*Problem description*.
Print exactly the lines below between the line holding "Meget pent. Komplett med manual" and the line holding "British-Airways-Maschine am Flughafen", inclusive, and nothing more.

*Given information*.
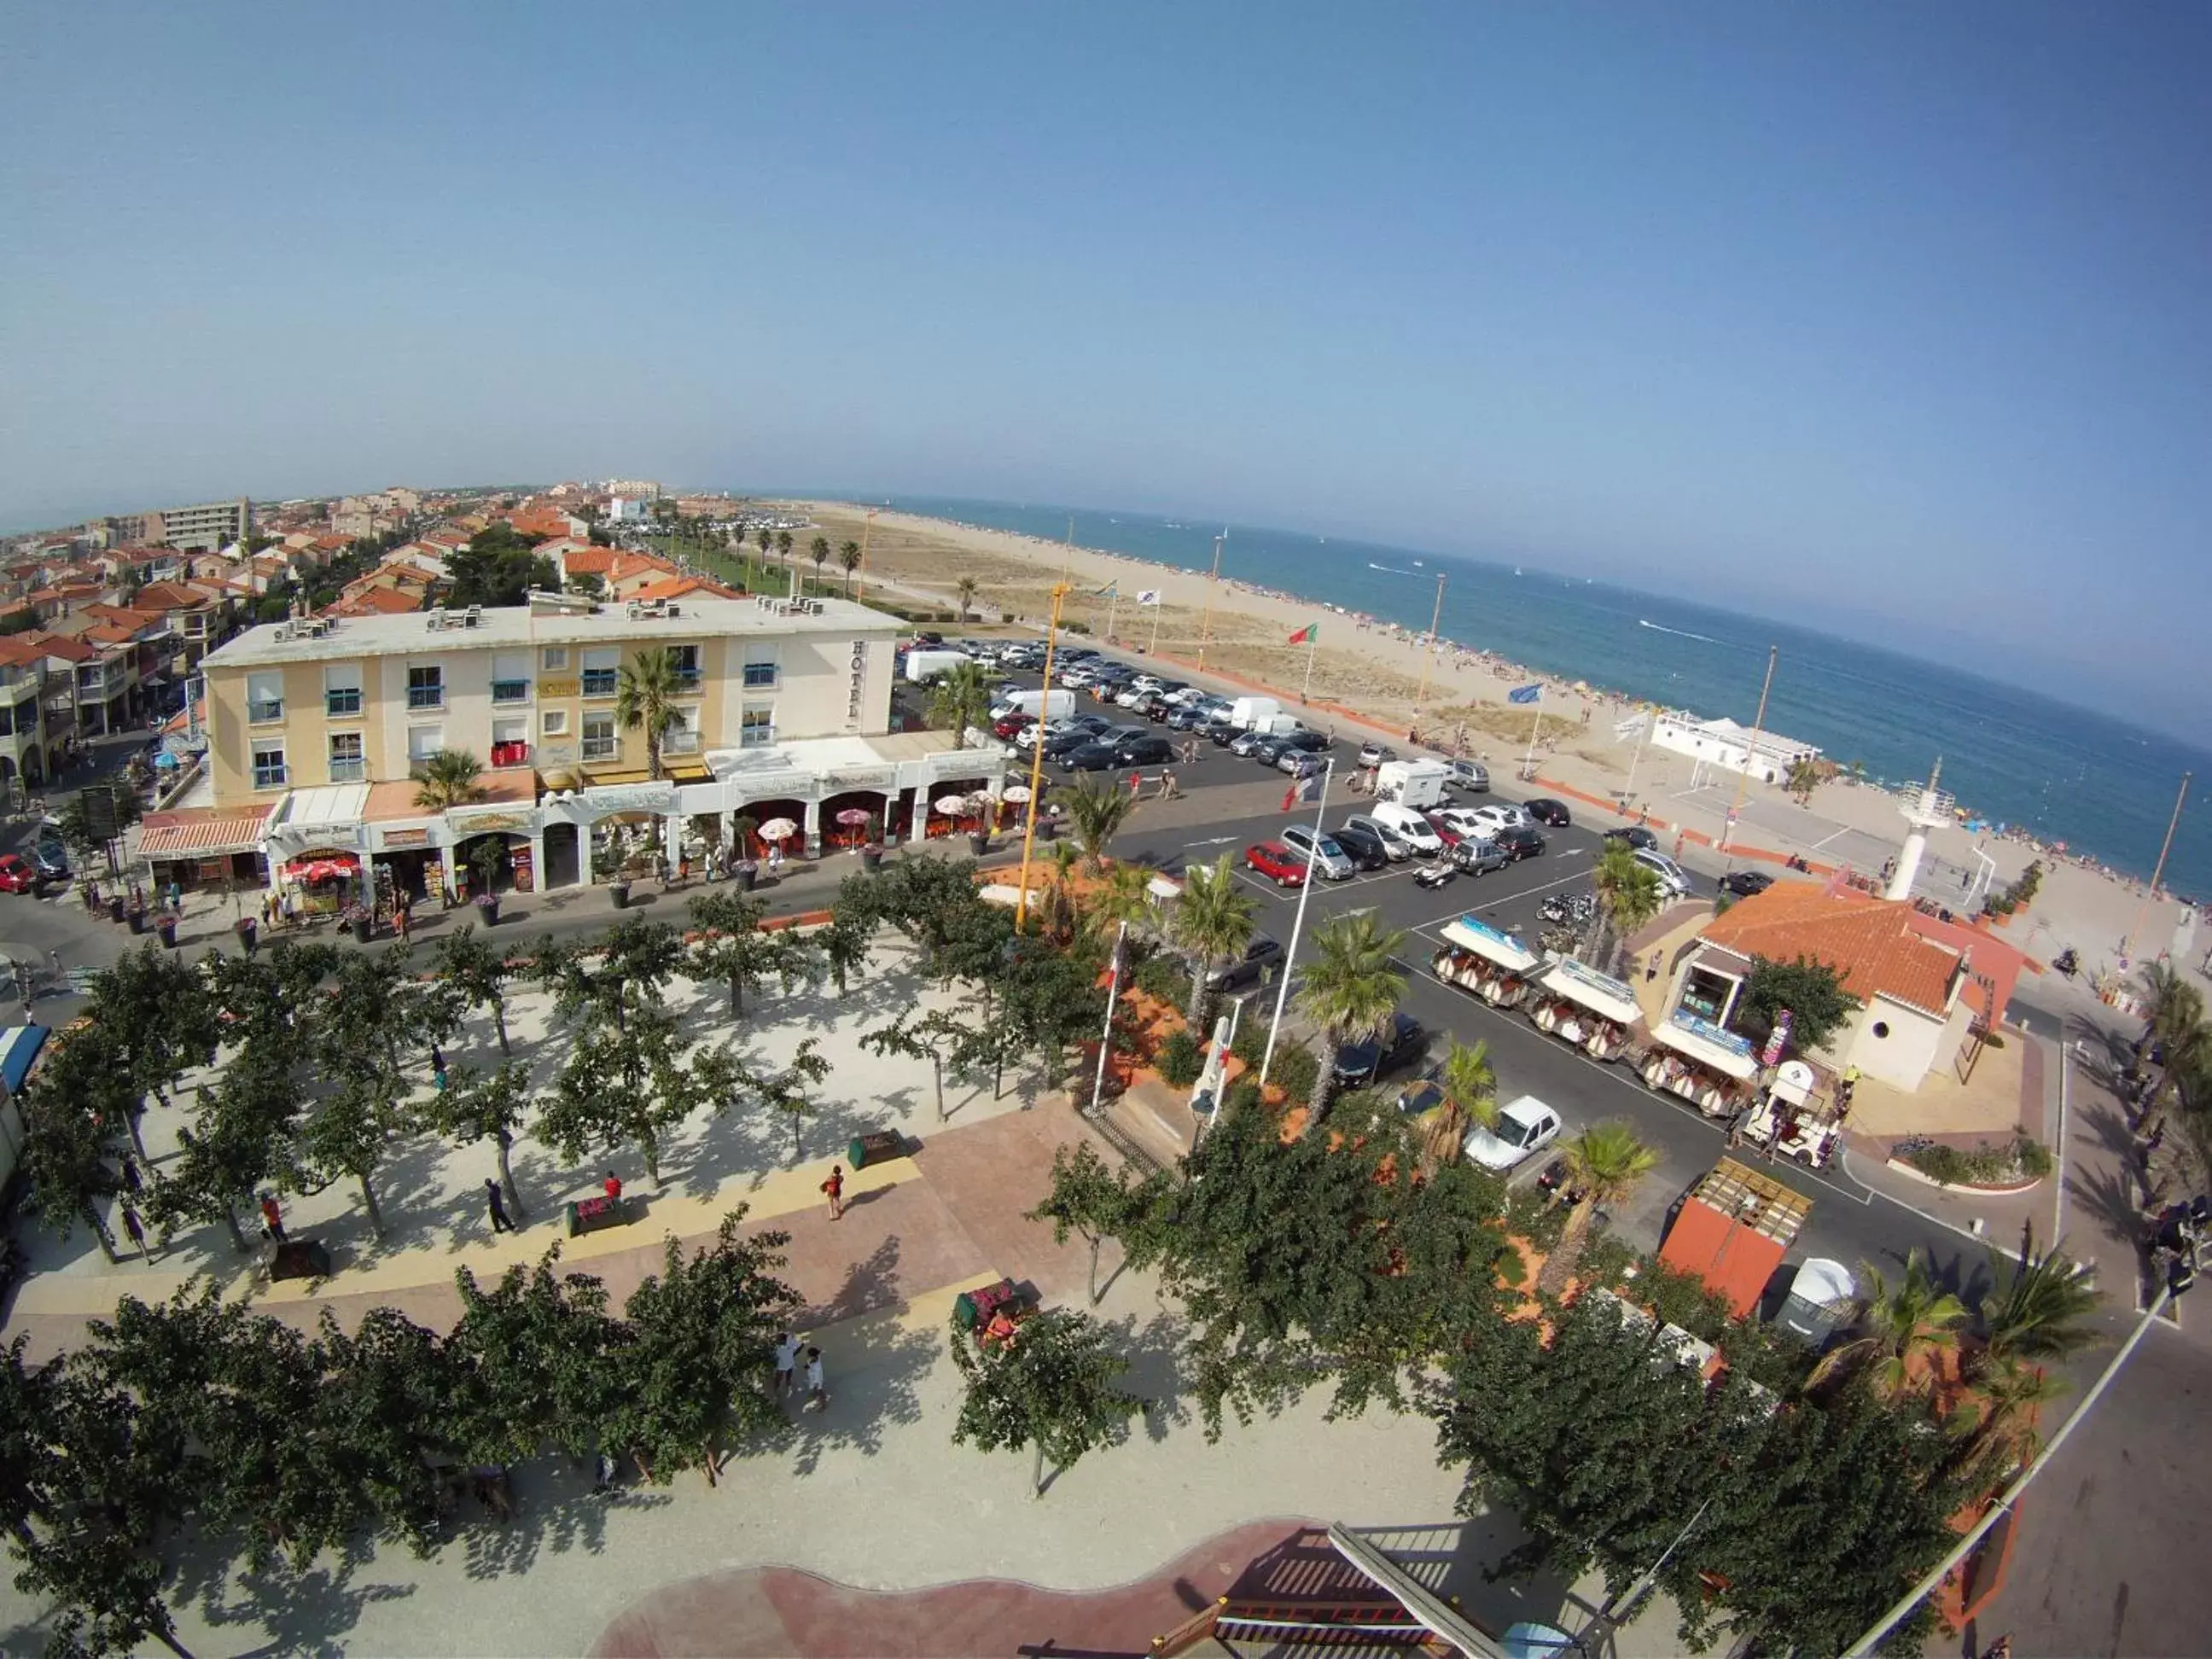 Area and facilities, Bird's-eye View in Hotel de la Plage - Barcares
==
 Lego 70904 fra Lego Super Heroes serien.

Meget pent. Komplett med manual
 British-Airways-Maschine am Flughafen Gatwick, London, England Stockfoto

*Response*.
Meget pent. Komplett med manual
 British-Airways-Maschine am Flughafen Gatwick, London, England Stockfoto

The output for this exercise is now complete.